`lvl_f_lo` and `Outputs-model_devi` show `nan` during dpgen2 run
Issue Description
Dear developer, I encountered an issue while running dpgen2, where the output of dpgen2 status shows lvl_f_lo as nan. Additionally, the Outputs-model_devi file contains nan values for all relevant fields. Below are the details:
1. dpgen2 status Output
100%|█████████████████████████████████████████████| 1/1 [00:00<00:00, 13.33it/s]

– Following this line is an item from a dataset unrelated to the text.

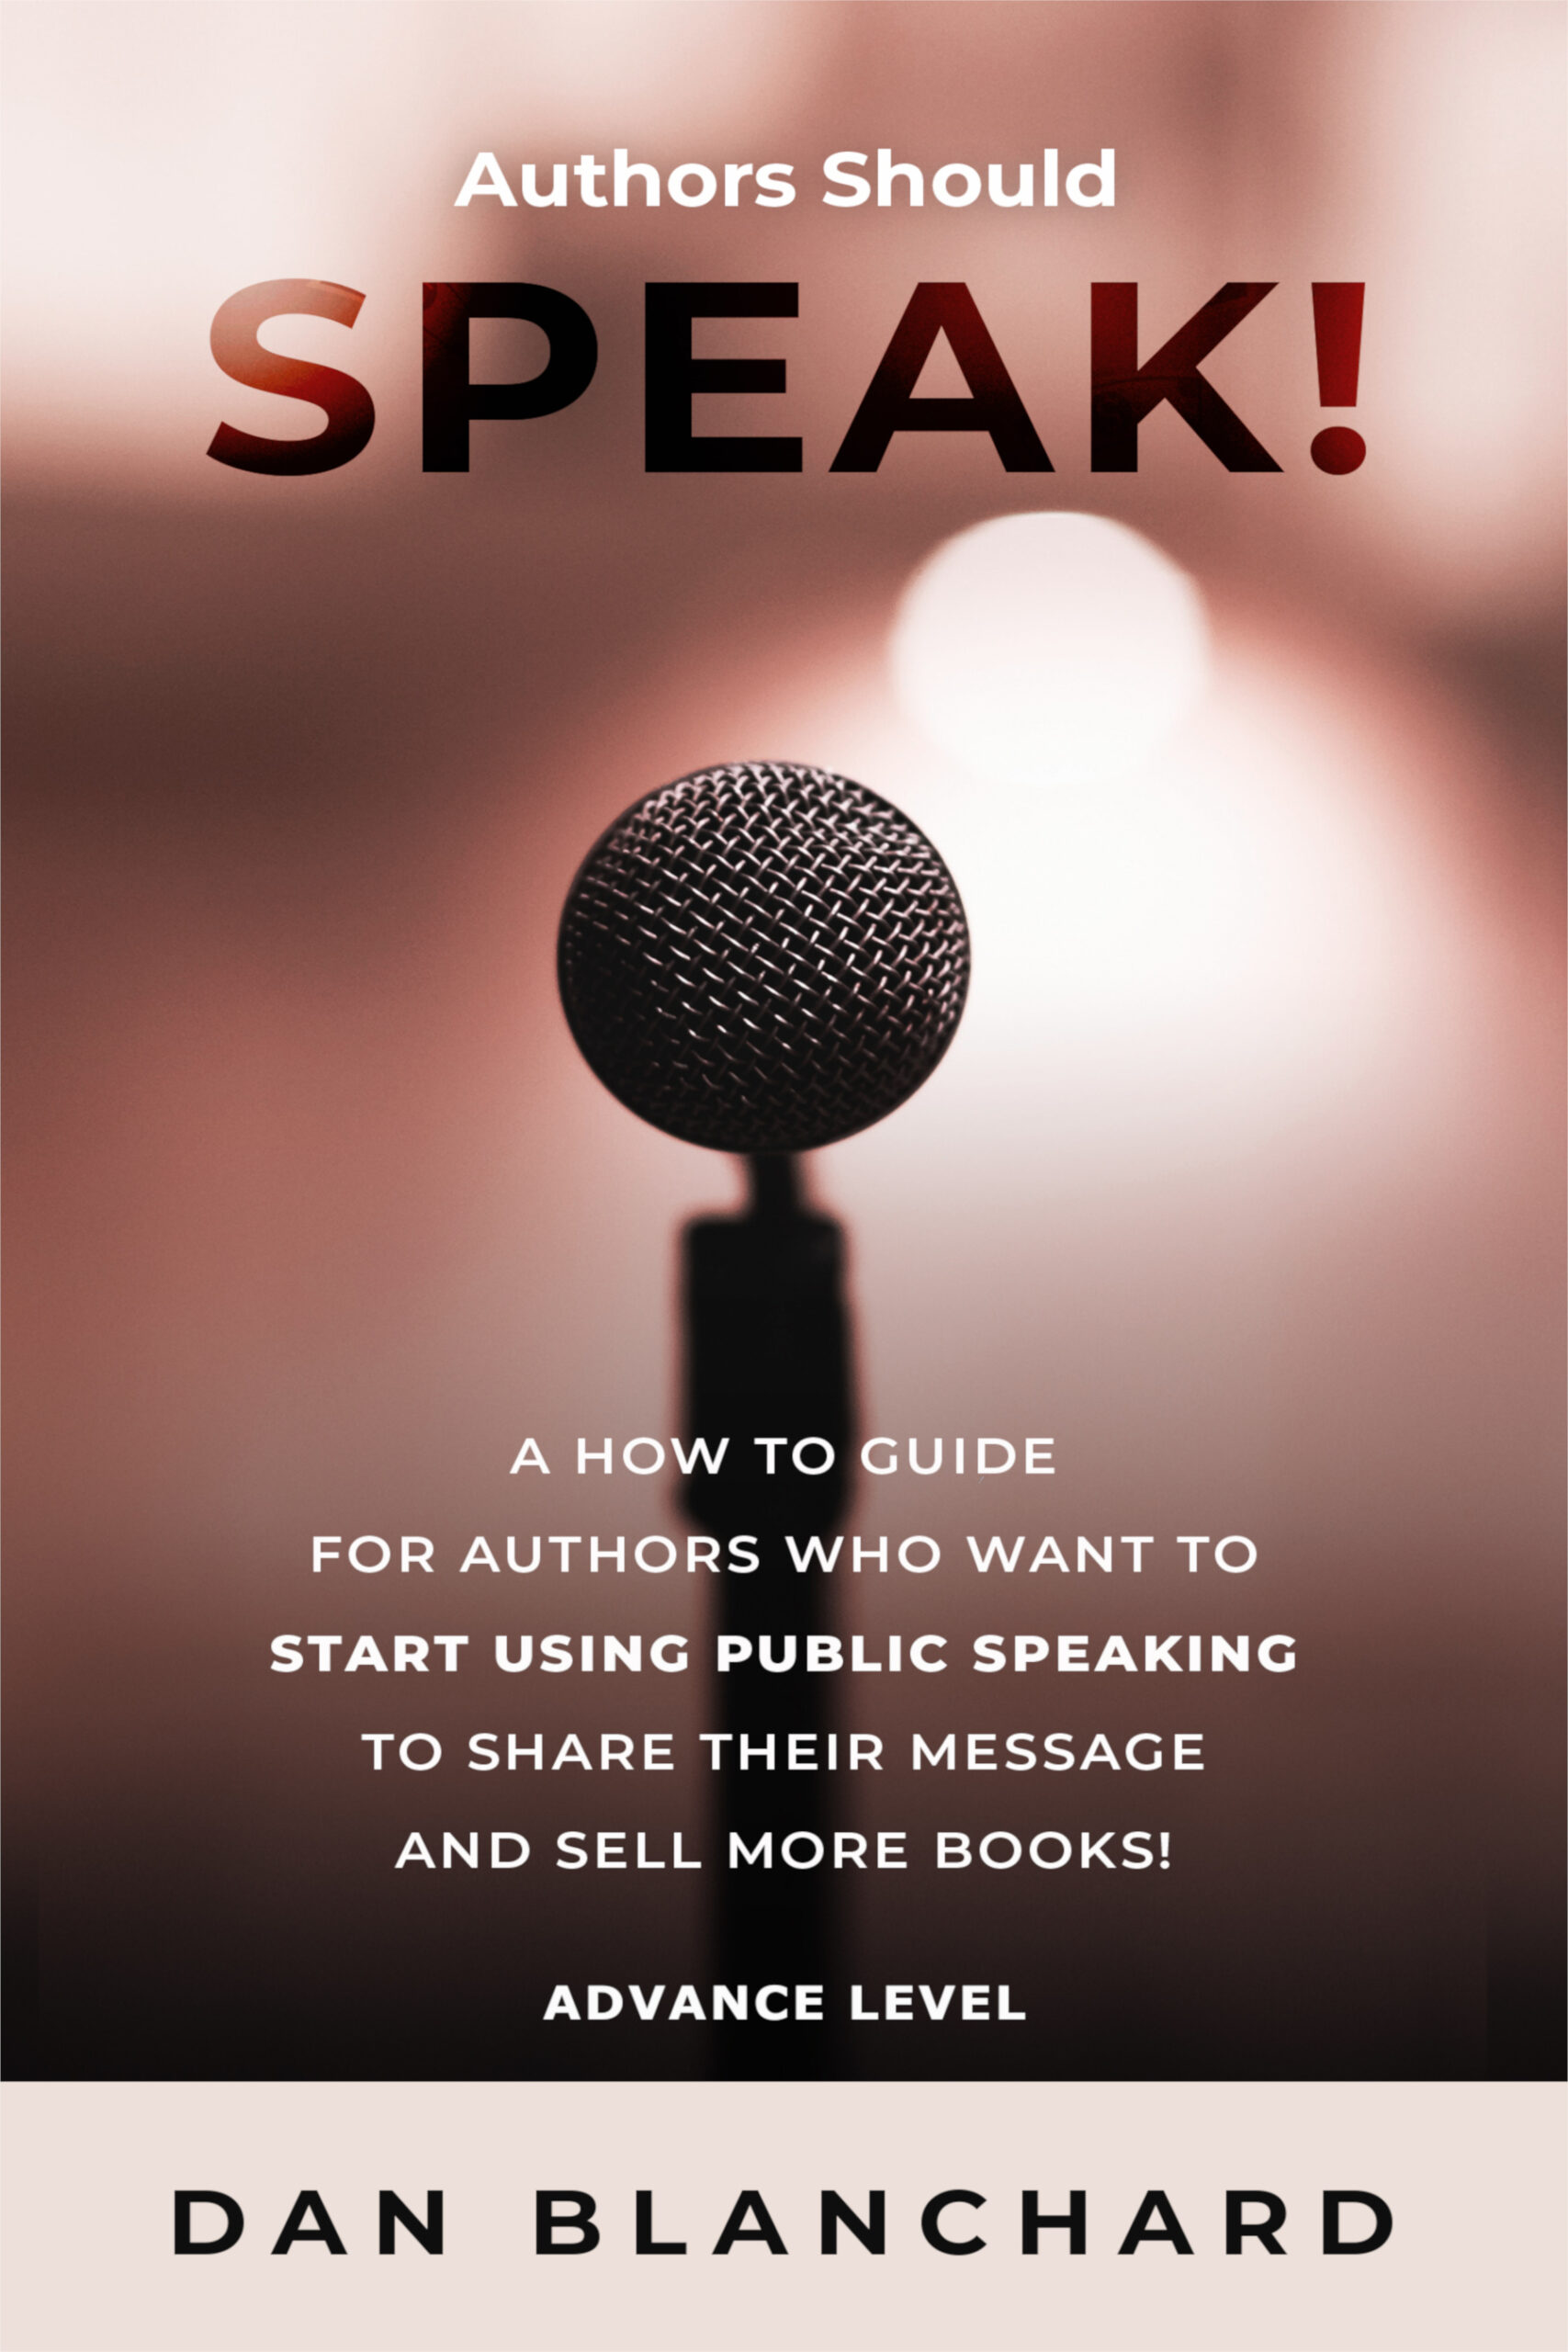 FREE: Authors Should Speak Advance Level: How Authors Can Share Their Message and Push Book Sales to the Next Level through Speaking by Dan Blanchard

# stage id_stg. iter. accu. cand. fail. lvl_f_lo lvl_f_hi
# Stage 0 --------------------
0 0 0 0.7646 0.1323 0.1032 0.2118 0.5000
0 1 1 0.8519 0.1481 0.0000 nan 0.5000
0 2 2 0.8519 0.1481 0.0000 nan 0.5000
2. Checking Output Files
-
Outputs-traj: The file/iter-000001--run-lmp-group/Outputs-trajcontains valid data. Sample content:
ITEM: TIMESTEP
0
ITEM: NUMBER OF ATOMS
184
ITEM: BOX BOUNDS xy xz yz pp pp pp
...
-
Outputs-log: The log file also shows normal output:
LAMMPS (29 Aug 2024)
OMP_NUM_THREADS environment is not set. Defaulting to 1 thread. (src/comm.cpp:98)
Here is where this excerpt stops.